On Mon, 26 Sep 2011, Florian Haftmann wrote:

After using jedit a lot (by the way, I can really recommend it!), I ask myself how diagnostic commands fit into its interaction model.

For purely diagnostic commands (thm, find_theorems) I think there is no big deal.

More complicated are »diagnostic« commands with side effects, e.g. sledgehammer or export_code. In the first case you can argue that, after the side effect has been issued once, the sledgehammer command will be replaced by a suitable metis call (maybe with comments giving further hints). But what about export_code? It's purpose clearly is to have a side effect. When to (re-)issue it then? Do we need a different / new concept there?

I am asking myself the same questions for quite some time. So far the document model mainly covers "document constructors", according to some half-forgotten Isar terminology. Diagnostic commands are only marginally covered so far, since stateful "diagnostics" are conceptually bound to the TTY loop.

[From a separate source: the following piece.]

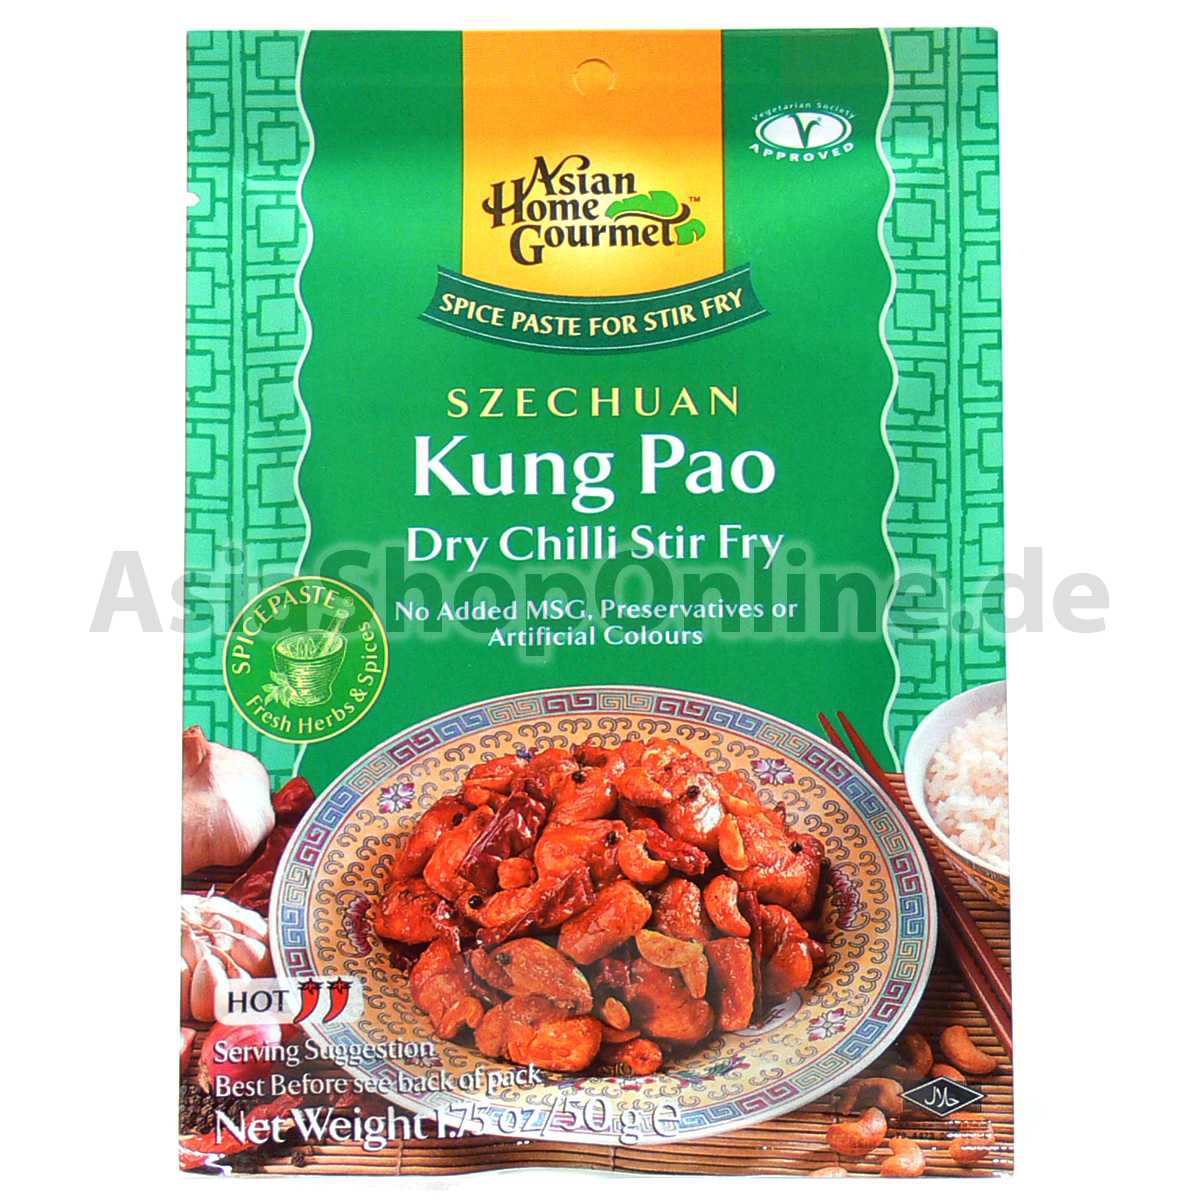 Kung Pao Chicken Würzpaste - Asian Home Gourmet - 50g

This summer I've managed to sort out the issue for the 'pr' command at least, which means that for the visible parts of the document there is an asynchronous process to print goal states that end up as derived results over existing document content. The next stage will be to generalize this basic idea to further "asynchronous agents", which should subsume tools like "auto quickcheck", "auto nitpick", "auto sledgehammer". (It needs a bit more explicit management than plain 'pr', and I need to catch up with the current state of all this in the still-existing TTY / Proof General model).

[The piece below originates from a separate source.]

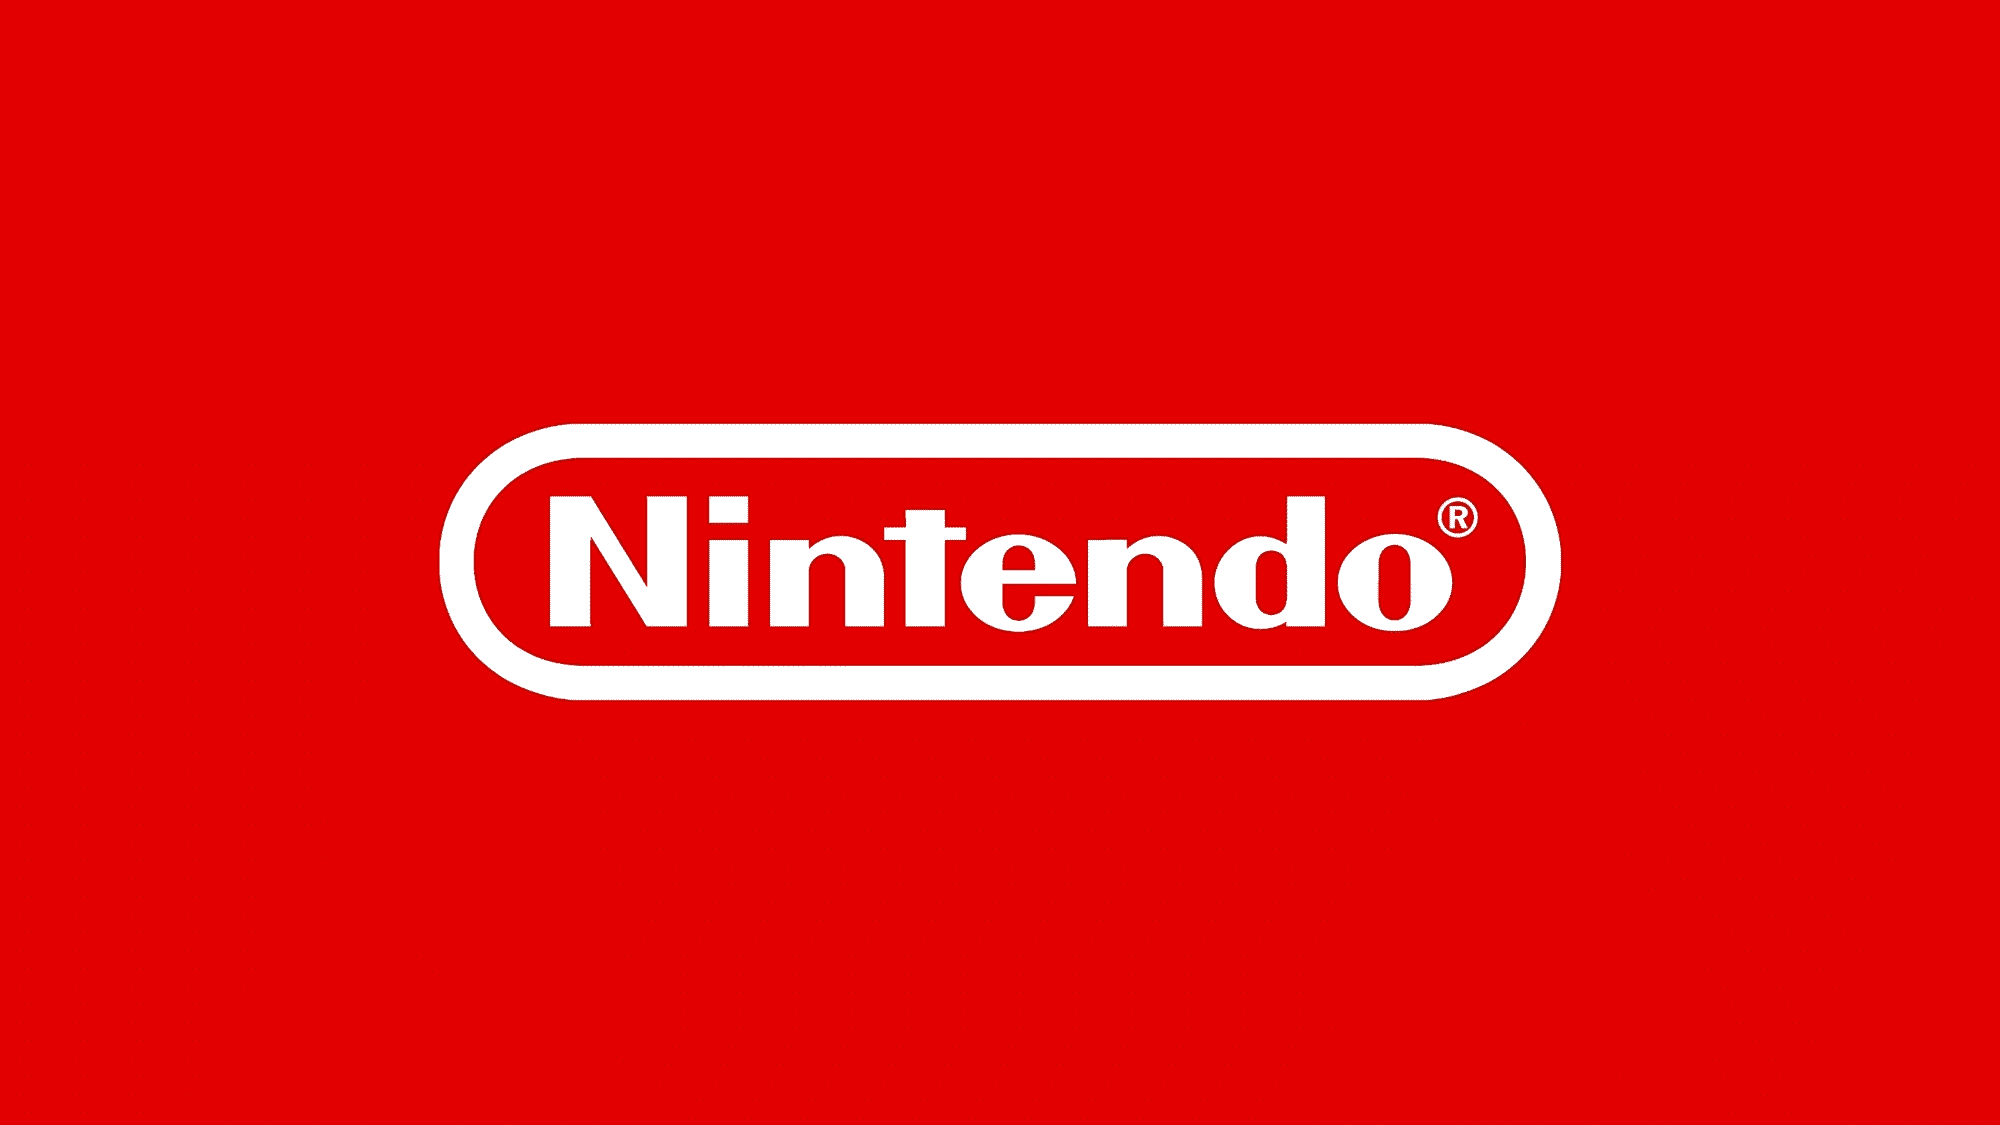 Nintendo Is Launching A New Console Code Named "Revolution" (2005)

Commands with genuine side-effects, typically on the file-system, are a completely different issue. In the current Isabelle/jEdit PIDE model, the prover is already detached from the file-system concerning theory sources. The same will follow soon after the release for auxiliary files ('uses'). This means file-system access will be mainly limited to "value-oriented" auxiliary files in tmp space (with unique id and disposed after a process has consumed the content).

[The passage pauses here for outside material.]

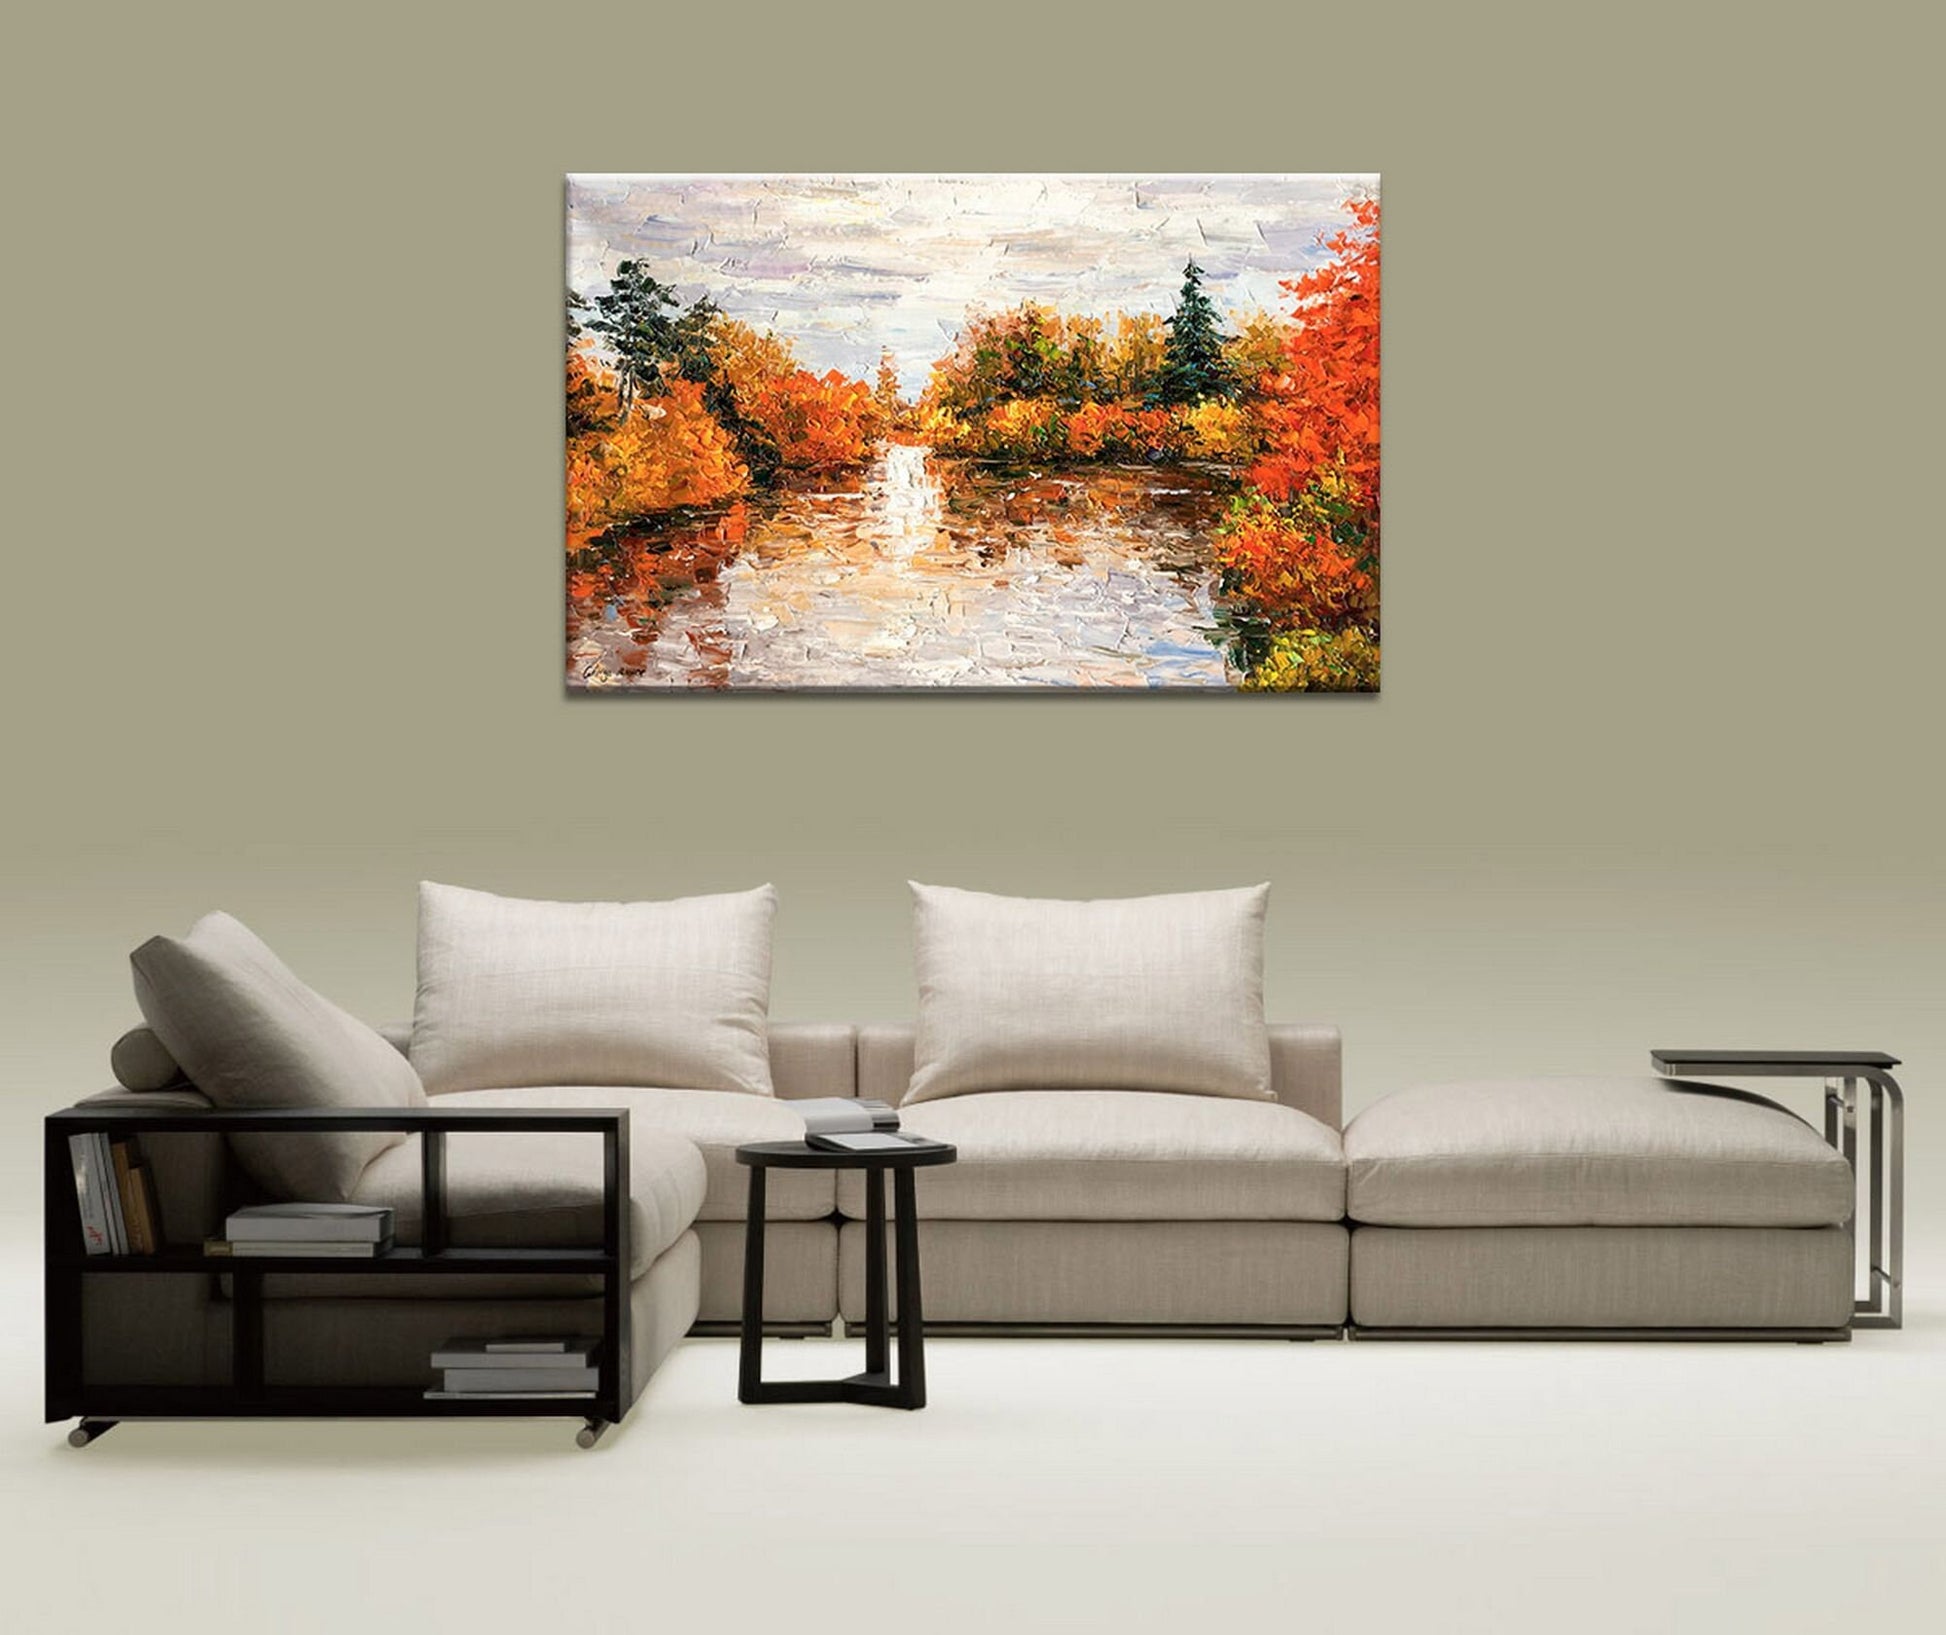 Large Landscape Oil Painting Autumn Forest by the River, Abstract Painting, Abstract Wall Art, Kitchen Wall Decor, Modern Painting, Orange

Things like code generation might be of the form of associating document content that is generated by functional evaluation over the semantics of the formal source text. Think of it as part of browser_info, not the src tree. Part of the question is who or what is the target of generated sources. One might consider funny ways to refer to "resources" of a theory node, similar to the way 'uses' are located now within the file-system wrt. the master directory, but without an actual physical directory.